Indigenous people have stewarded public land for millennia. They continue to have a presence on these landscapes all over the country.
Shane Doyle bio photo
ByShane Doyle

Updated:

Mar 24, 2025
Across the nation and around the world, the name Yellowstone conjures up images of towering geysers and steaming hot pools, wild bison, grizzly bears, and wolves. One figure notably absent from Yellowstone National Park imagery is that of Native people. Since it was created in 1872, the world’s first National Park has been disassociated from the continent’s first people, leaving the place void of Indigenous names, faces, and voices. Official Yellowstone brochures further emphasize this cultural invisibility by informing visitors that when they enter the park, they are traveling through a virgin landscape, left untrammeled and unspoiled by man. Historically, at least 27 tribes—including my own, the Apsáalooke—used the Yellowstone area for hunting, gathering, and ceremony. Yellowstone National Park is just one example where Indigenous people, culture, and history have been erased from America’s public lands, sometimes violently, and rendered irrelevant and obsolete. Despite this dark history of conflict and dispossession, contemporary Native people continue to recognize ourselves and the roots of our ways of life in these shared spaces, and we are working to reclaim our identities as the original stewards of these vibrant landscapes and ecosystems.

My Story

Growing up on the Crow Indian Reservation in the 1970s and 80s, I had little knowledge of Yellowstone National Park, and no clue about the profoundly important connection that my tribe had to the place. Although it was only a four-hour drive from my hometown of Crow Agency, it was a world away culturally and geographically. I never went there or learned about it in school or at home. Back in 2014, I was asked to teach a course about Apsáalooke history in Yellowstone. Digging into written records and oral accounts, I realized how much there was to learn, celebrate, and share.  

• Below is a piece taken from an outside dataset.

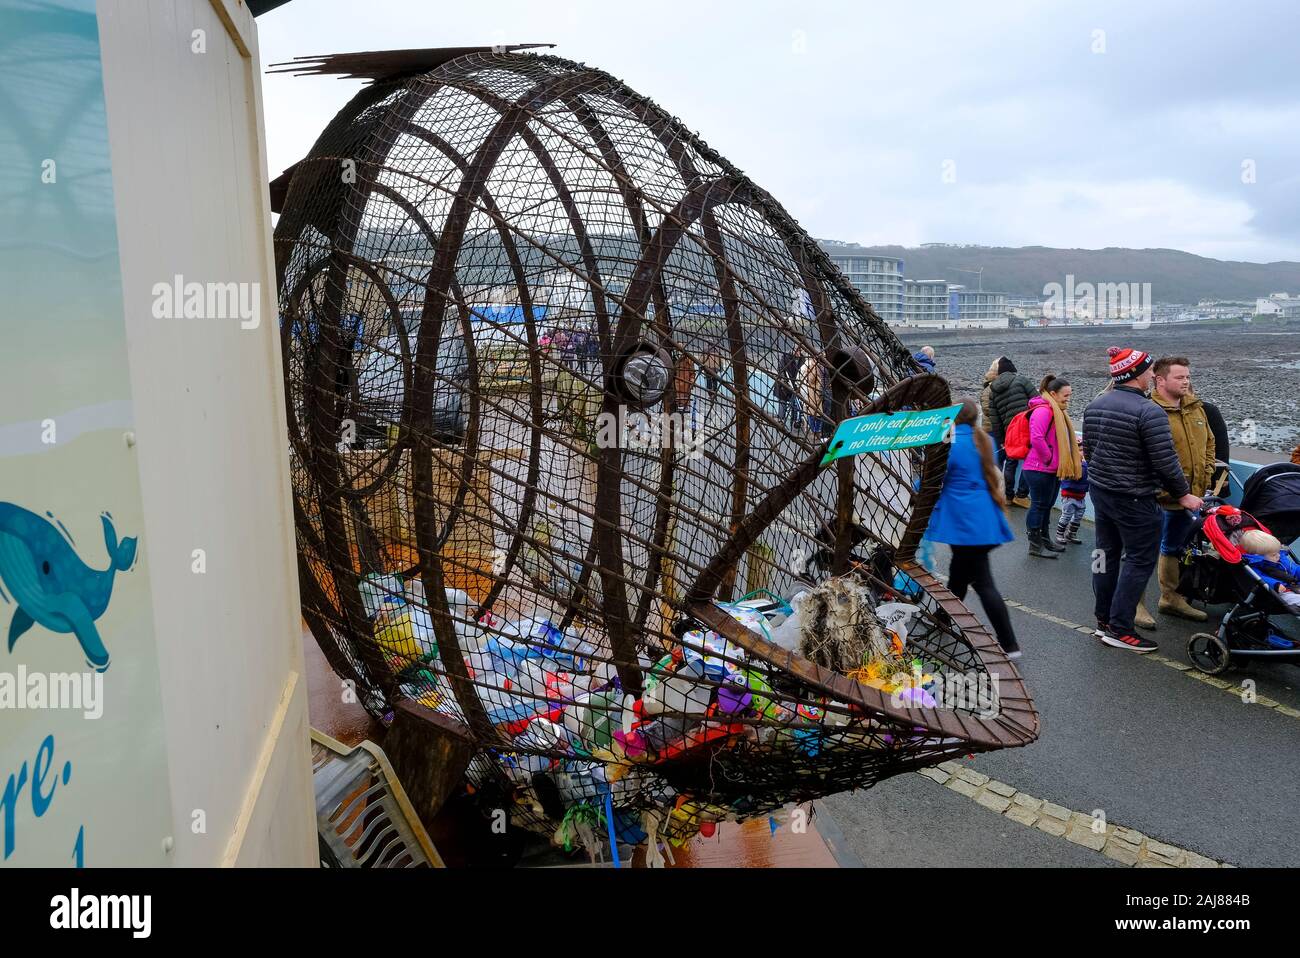 Filup The Fish, created by metal artist Robert Floyd, for plastic waste bottle collection on the promenade at Westward Ho! North Devon, UK Stock Photo

Since time immemorial, vast swaths of open public lands have always been part of the country’s tribal cultural geography. In the Yellowstone region, the only areas considered private property were generationally inhabited winter campsites along rivers and adjacent to strategic resources, like game trails, bison jumps, or chert quarries. Springtime floods and reawakened mosquitoes and grizzly bears prompted tribes to transition to their summer lifestyle, where bands of people traversed on foot across the open prairie and harvested bison and wild plants on grounds utilized by many other neighbors. Their annual seasonal encounters provided diverse groups like the Blackfeet, Shoshone, Salish, and Kootenai with an opportunity to engage in friendship and trade. These historic cycles of seasonal travel are what spawned the ancient lingua franca, Plains Sign Language. A unique combination of vast differences in their spoken word, an undeterred determination to maintain consistent and stable interaction over many generations, and a knack for language innovation all formed the foundation for this unique, unspoken language that united tribes here, and would be cherished for millennia. This is the true legacy of the Yellowstone area’s tribal culture: thoughtful and generous people sitting down in a circle to share good company and good land. 


Yellowstone, I discovered, is a place of ceremony and prayer, where tribal origin stories are centered and sacred resources could be harvested and traded with friends and partners from across the Great Divide. As I came to see The Land of Steam and my relationship to it with new eyes, I began to experience it as my home, and wanted to share that feeling with other Native people.

Rematriating Yellowstone

Yellowstone’s 150th birthday in March of 2022 provided an opportunity for the park to celebrate a major milestone and reflect on how to move forward for the next 150 years. It was an opportunity for exactly what the park needed to do: share its Native history with both tribes and the public. The previous summer, the Superintendent of the park, Cam Sholly, met with tribal members from throughout Montana, and pledged that a new era of connecting with tribal history had begun. The vision, as I saw it, was a spirit of friendship and a shared landscape that reflected a more Indigenized Yellowstone National Park. By the summer of 2022, working with local organizations to wrangle funding, we established the first ever Intertribal Teepee Village. The exhibition took more than a year of planning with Yellowstone officials and tribal representatives. The final product included 13 gleaming white teepees and accompanying tribal ambassadors. This resplendent All-Nations Teepee Village was nestled in Madison Junction, where the Madison River begins. For millennia, this historic spot hosted annual gatherings of the Nez Perce and Crow, the Blackfeet and Shoshone Bannock, the Kootenai and the Sheep Eaters. 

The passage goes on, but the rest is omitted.